The modest gift of a cardiac defibrillator by a Dorset Rotary club is having an impact on a wide section of the community.
Christchurch Rotary donated the device to the St Joseph’s Church in Purewell, and at a club meeting, it was explained how the defibrillator is valued by the community.
Roger Adams, who is involved with the maintenance of the church buildings, and Nick Coghlan, Chairman of St Joseph’s Church Pastoral Council, offered their thanks to the Rotary club for raising the funds to buy the equipment.
This has been installed at the church and is now available for use in the event of anyone collapsing from a cardiac arrest whilst visiting the premises in Purewell.
Well trained first-aiders are on site and able to assess any such emergency and administer life-saving treatment with the machine, thankfully the need has not yet arisen.
Nick and Roger explained how large numbers of people use these facilities every week, so the availability of the defibrillator was of great importance.”
St Joseph’s Church now has four components – a presbytery, a church, a parish hall and an old chapel.
Nick and Roger explained how large numbers of people use these facilities every week, so the availability of the defibrillator was of great importance.
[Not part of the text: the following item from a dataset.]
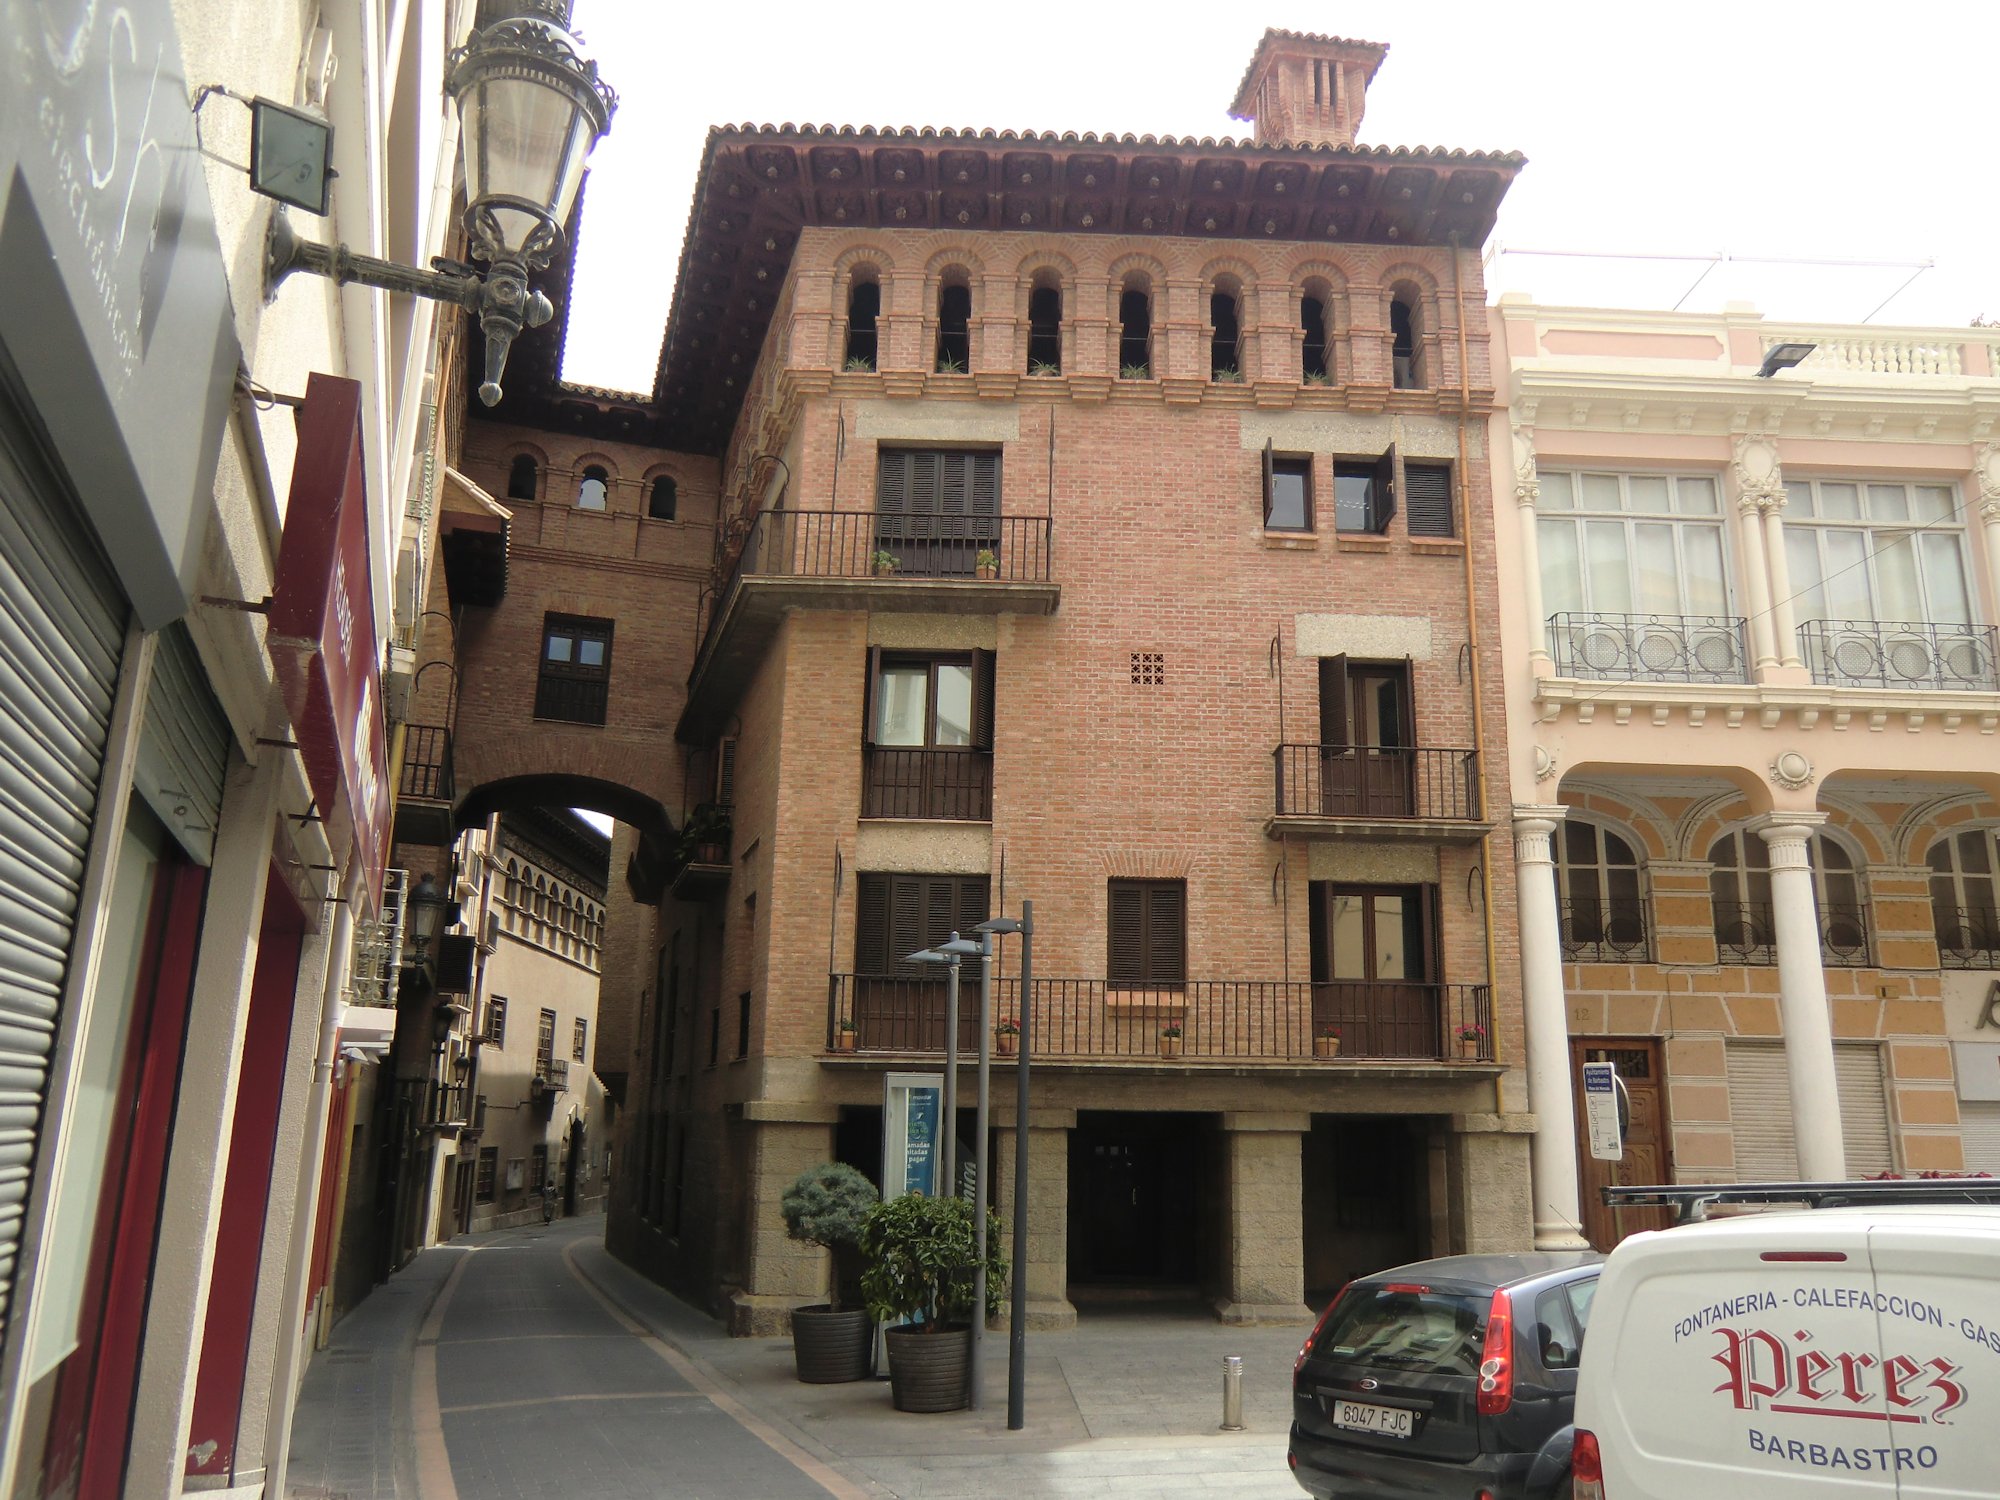 Das Elternhaus von Josemaría Escrivá de Balaguer am Marktplatz in Barbastro, heute mit dem Nachbarhaus verbunden und eine Einrichtung des Opus Dei, die nicht besucht werden kann

For example, the Christchurch food bank is run from St Joseph’s and at least 200 people are coming in and out to this per week.
The church itself seats 270, but it has been known to accommodate 400 people at peak times.
They said it was reassuring to know that emergency help was now available in the event of a medical crisis.
Christchurch Rotary is among a number of clubs across Great Britain & Ireland who have funded defibrillators in their communities.
A defibrillator is a device that gives a high energy electric shock to the heart of someone who is in cardiac arrest.
This high energy shock is called defibrillation, and it’s an essential part in trying to save the life of someone who’s in cardiac arrest.